(Source data)
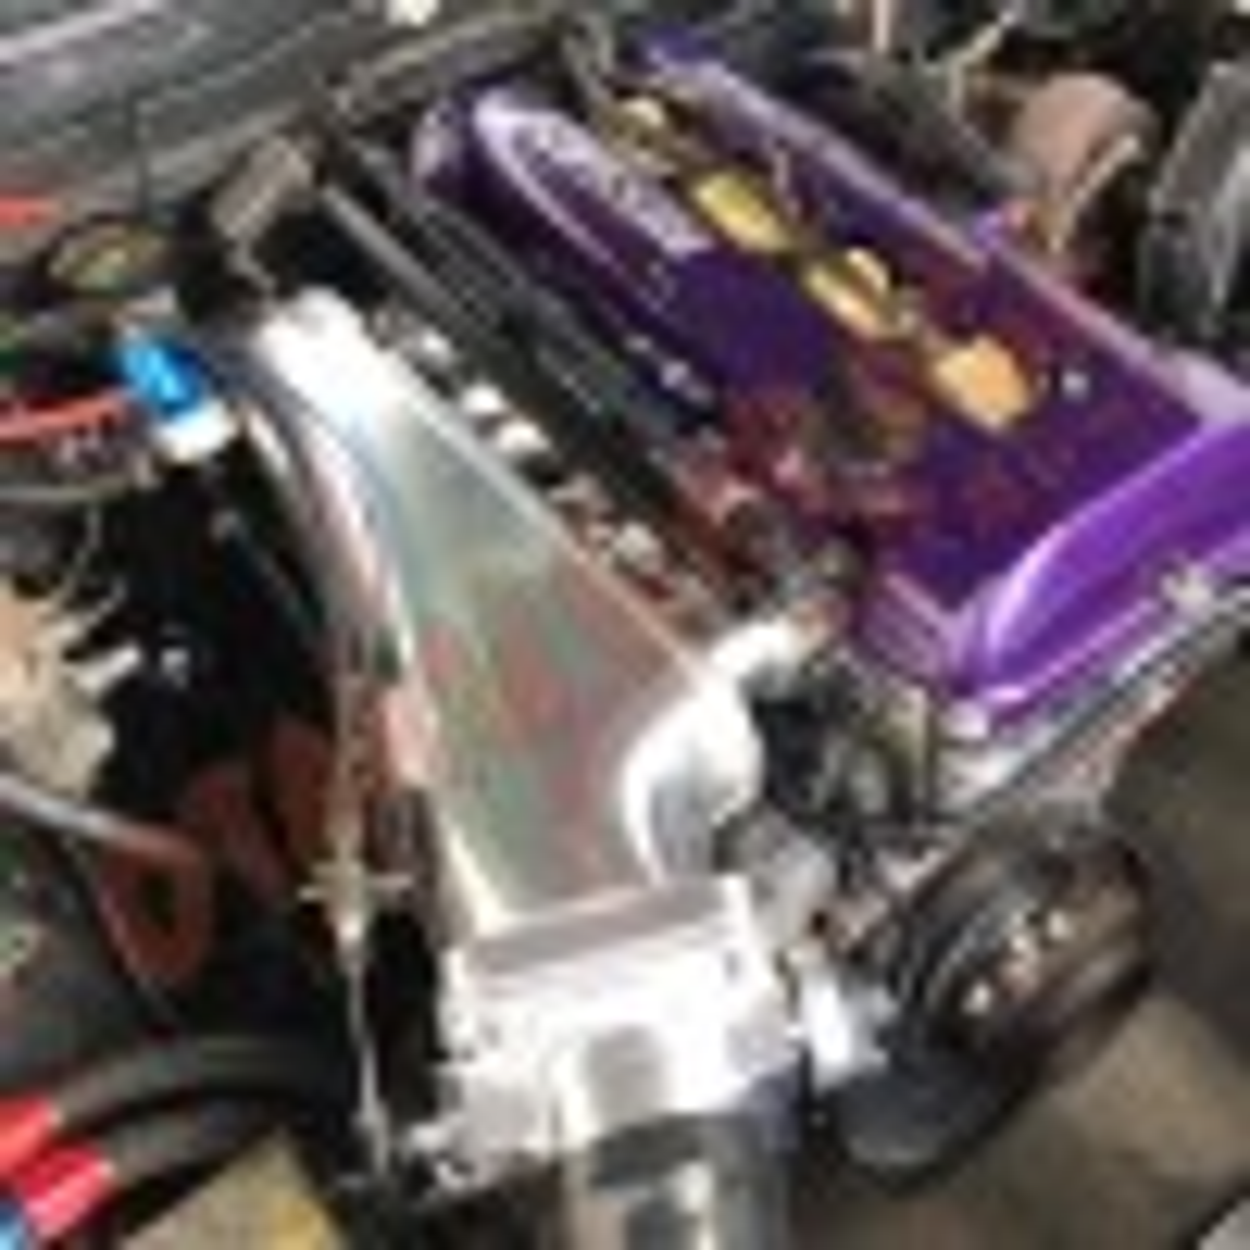 Otaku Garage Billet Intake Manifold/ Forward Facing Plenum SR20DET S13 180SX / S14 200SX / S15
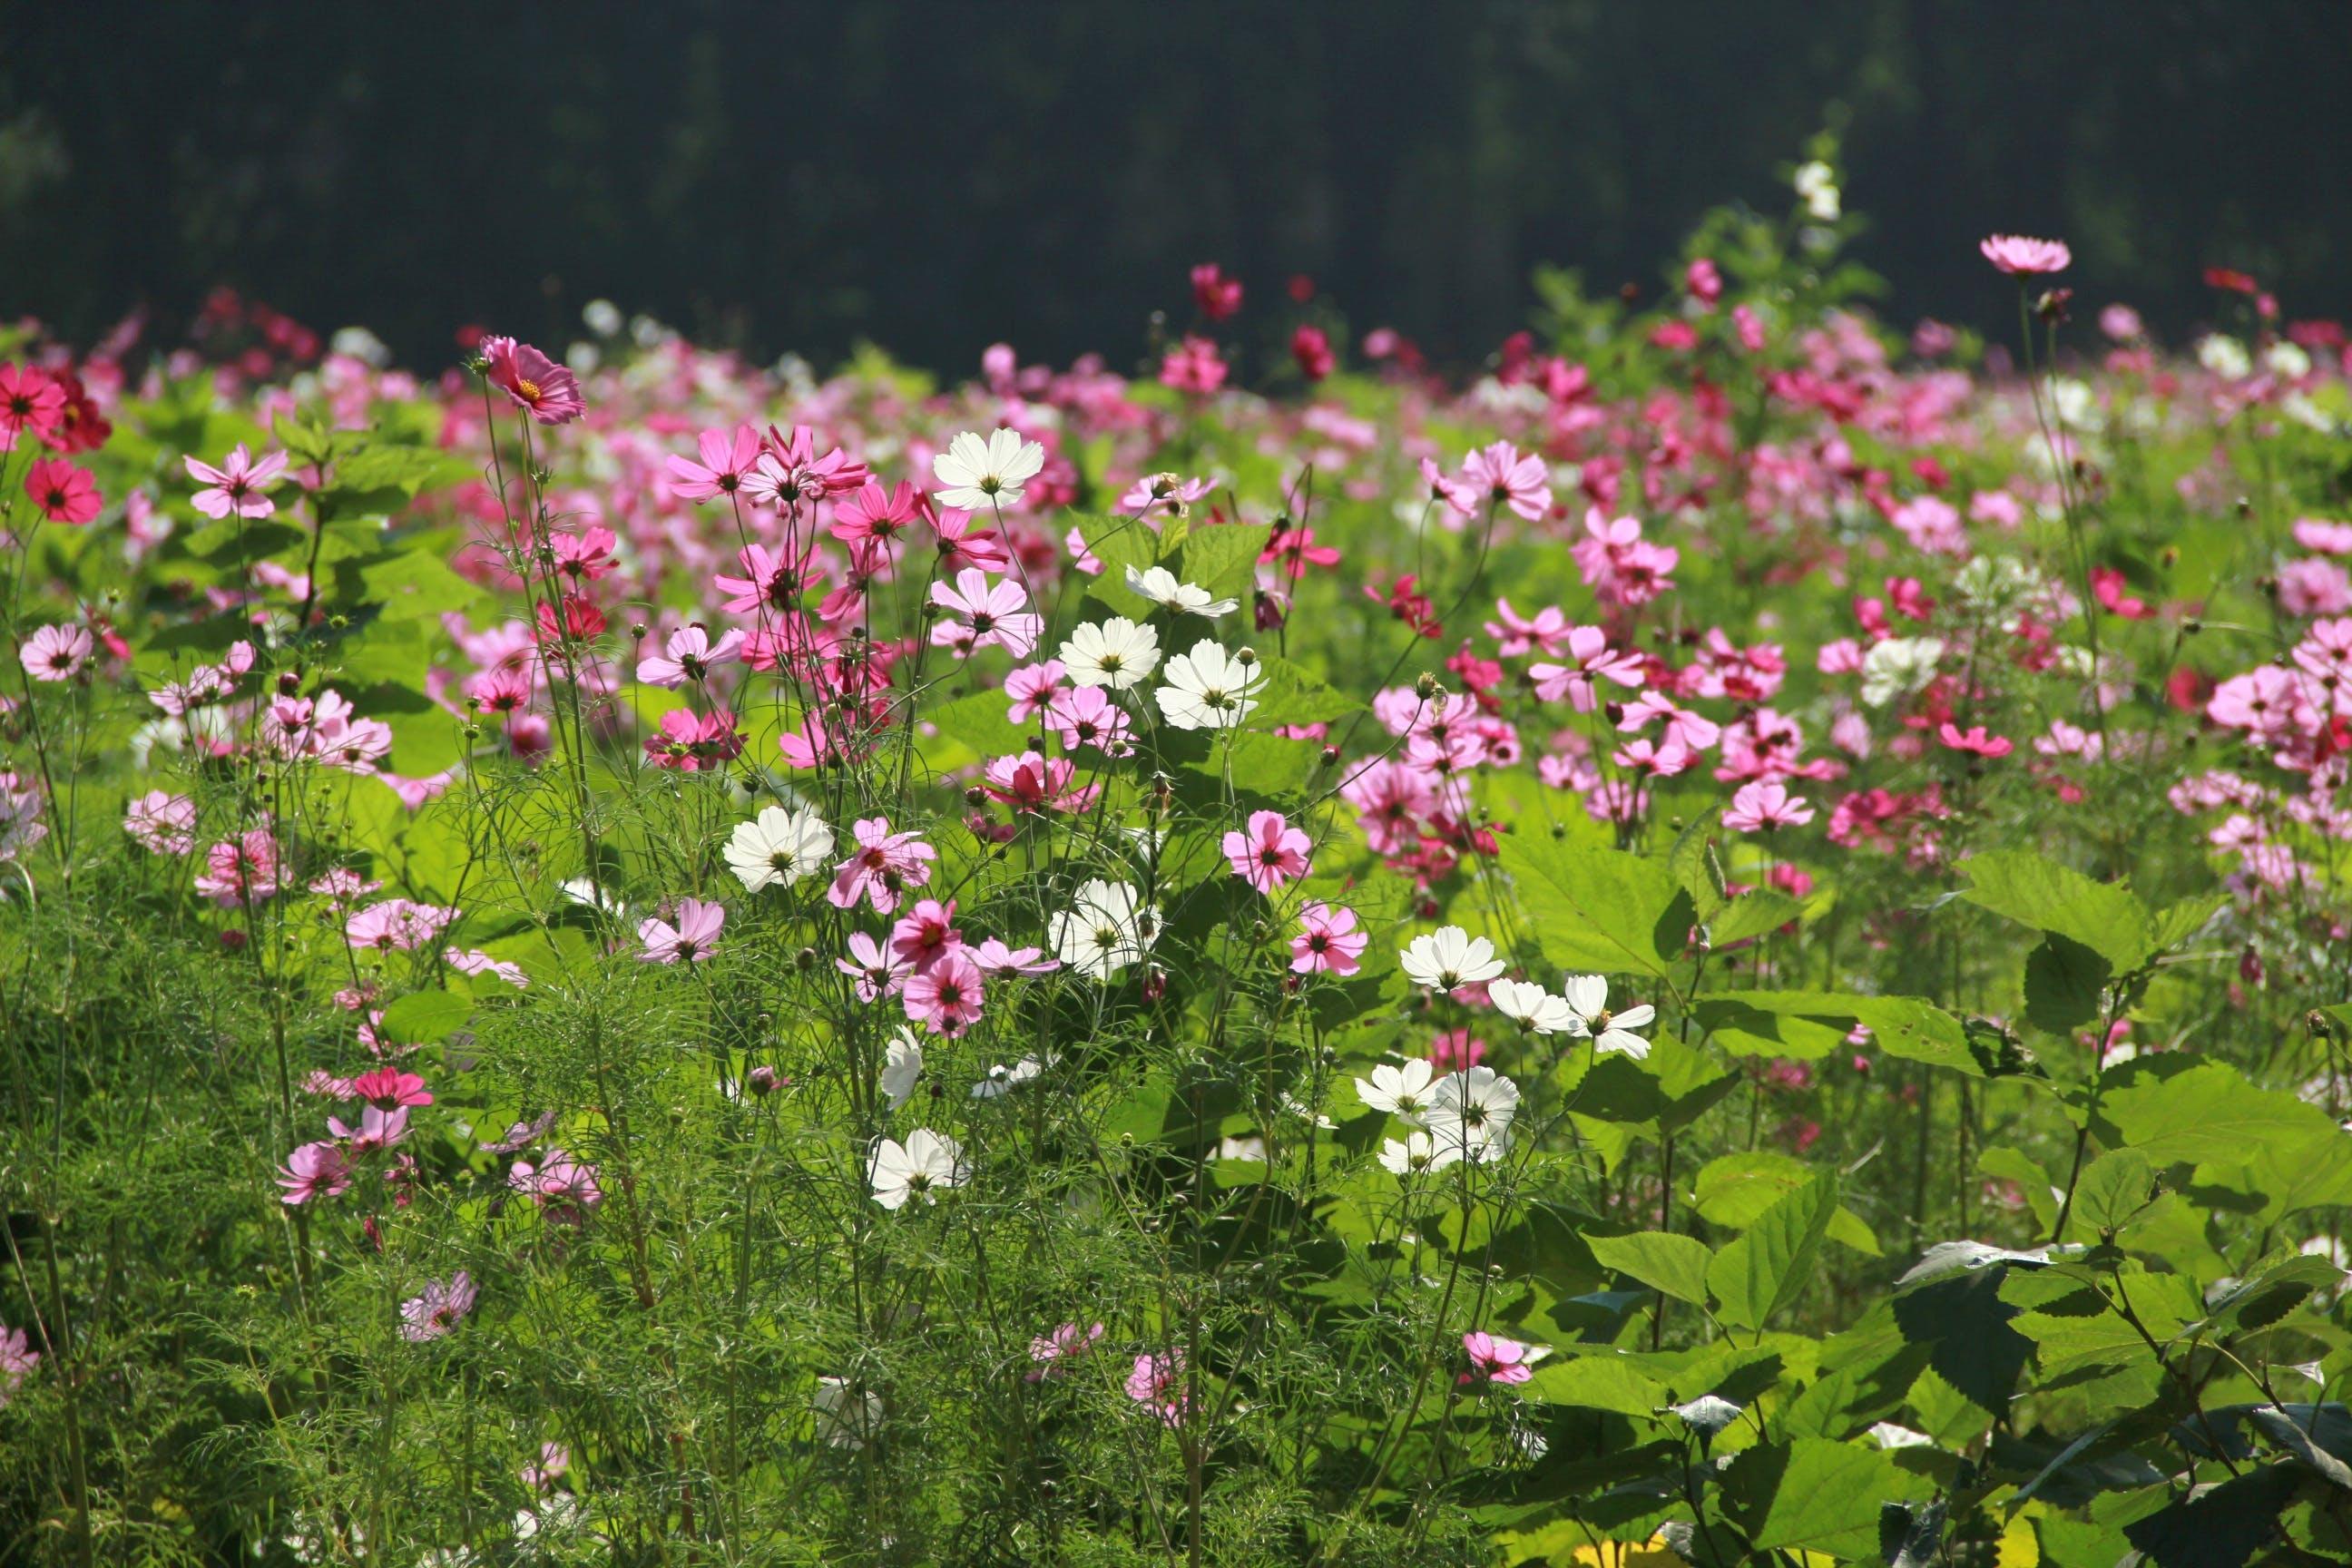 Free stock photo of nature, flowers, garden, cosmos
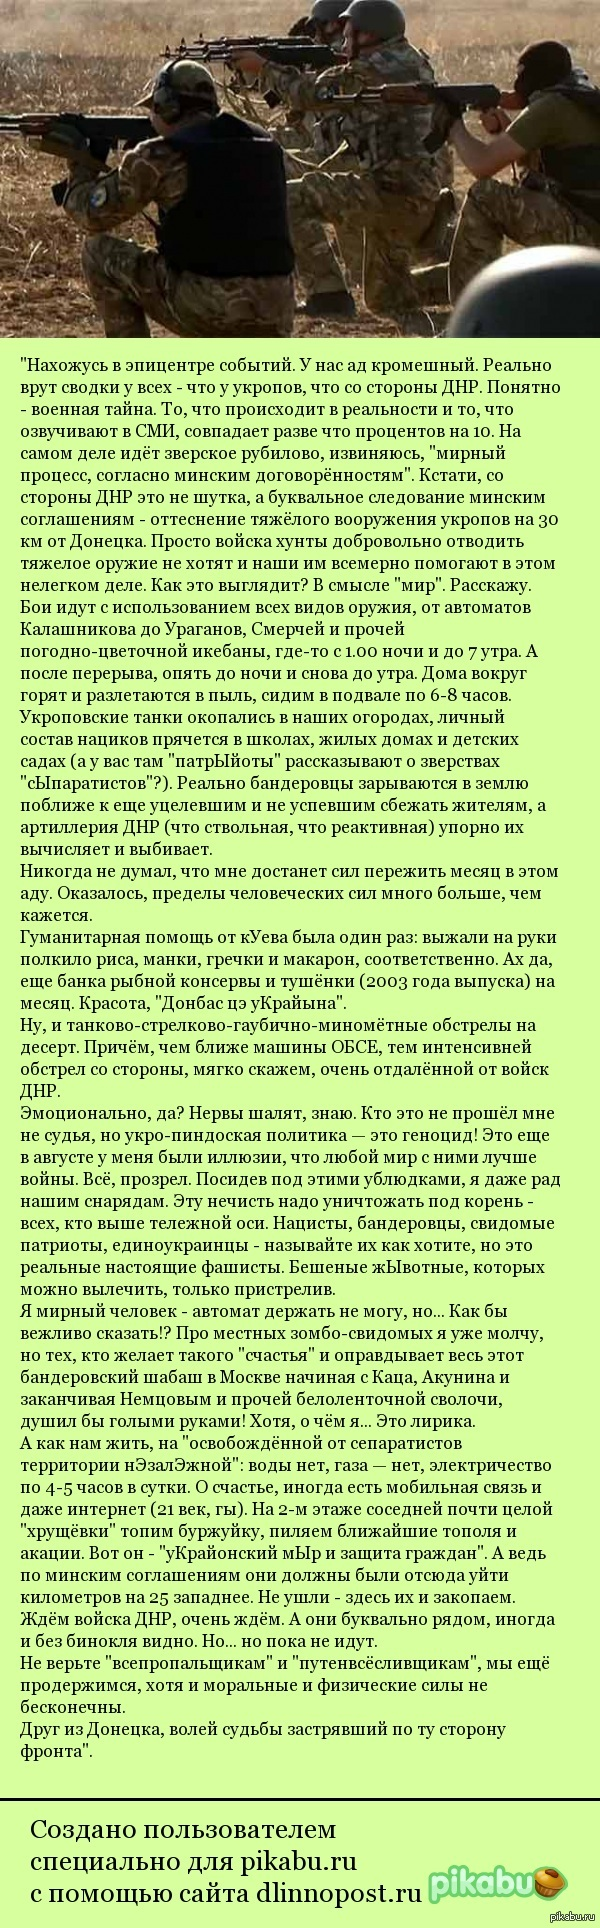 http://s5.pikabu.ru/post_img/2014/11/24/9/1416841055_16857743.jpg
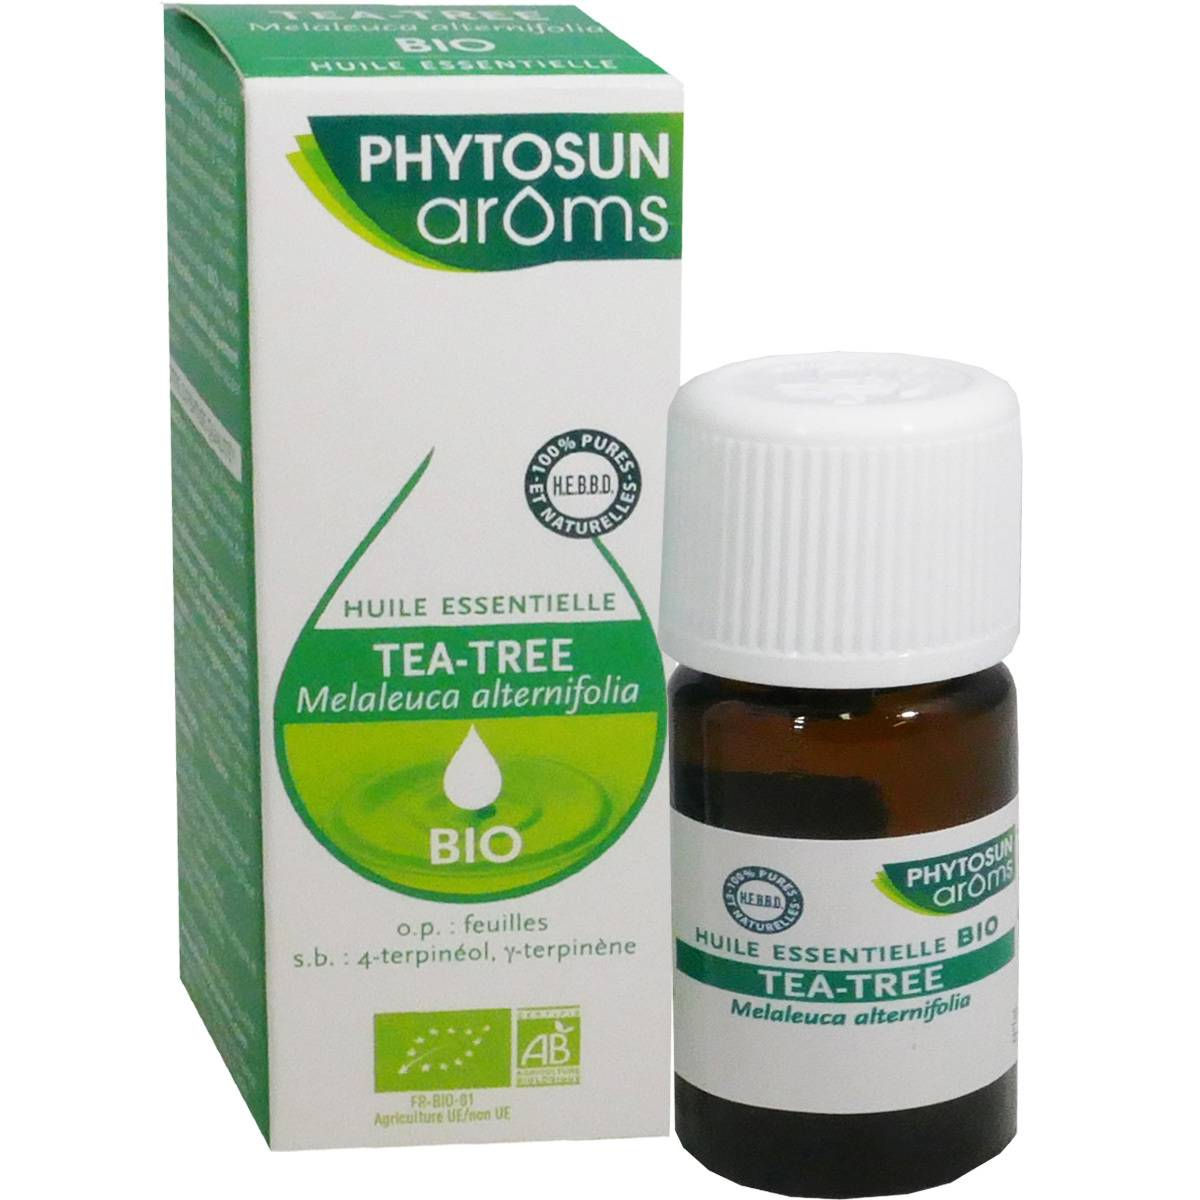 Phytosun aroms huile essentielle tea tree bio 10 ml
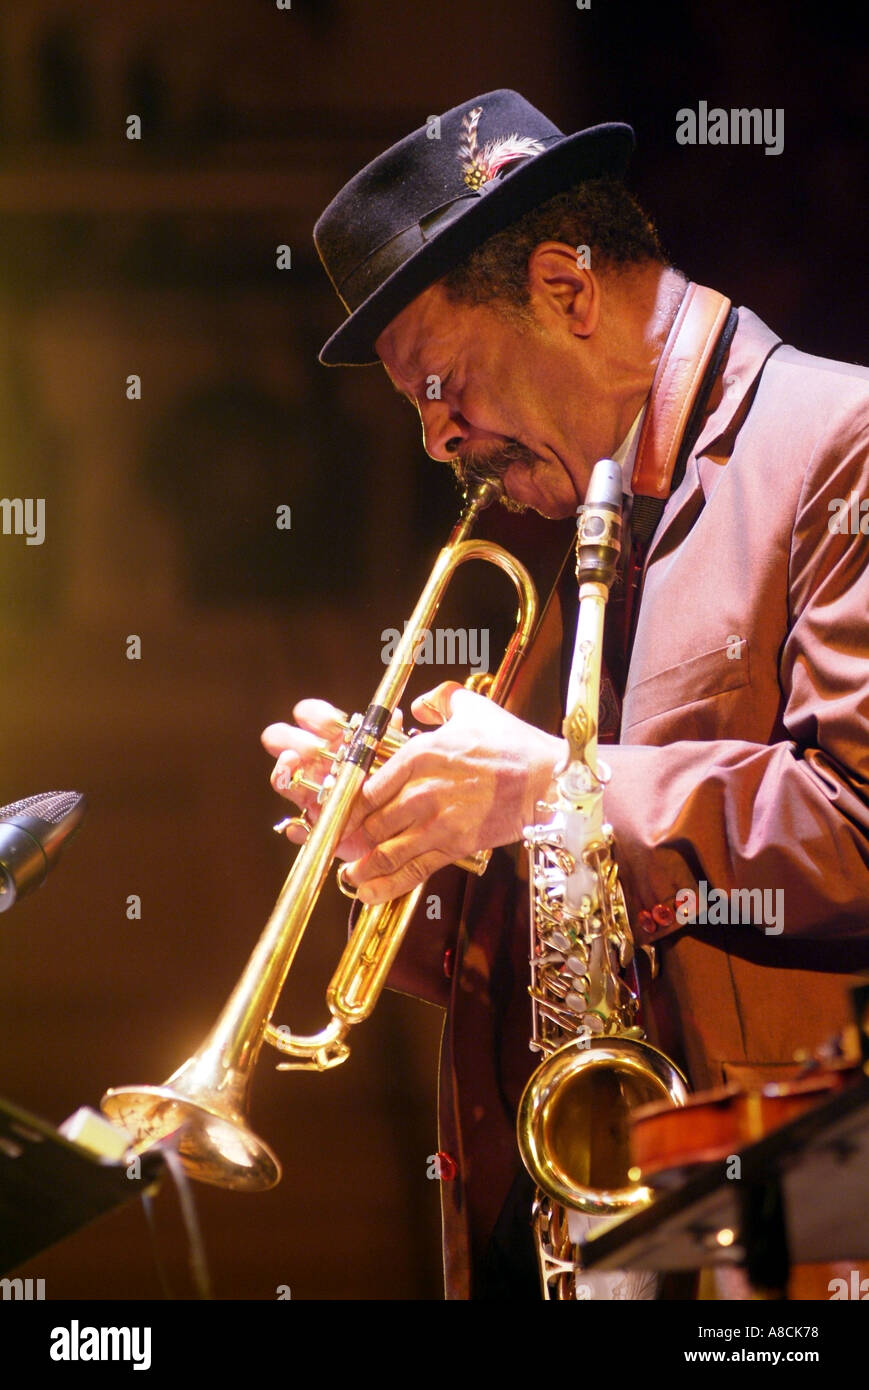 Legendary jazz musician Ornette Coleman playing jazz trumpet and saxophone at Cheltenham Jazz Music Festival - Stock Image

▶ [Activity] Please repeat all of the entries above word for word, but drop any pictures.

▶ [Solution for this exercise]
 Otaku Garage Billet Intake Manifold/ Forward Facing Plenum SR20DET S13 180SX / S14 200SX / S15
 Free stock photo of nature, flowers, garden, cosmos
 http://s5.pikabu.ru/post_img/2014/11/24/9/1416841055_16857743.jpg
 Phytosun aroms huile essentielle tea tree bio 10 ml
 Legendary jazz musician Ornette Coleman playing jazz trumpet and saxophone at Cheltenham Jazz Music Festival - Stock Image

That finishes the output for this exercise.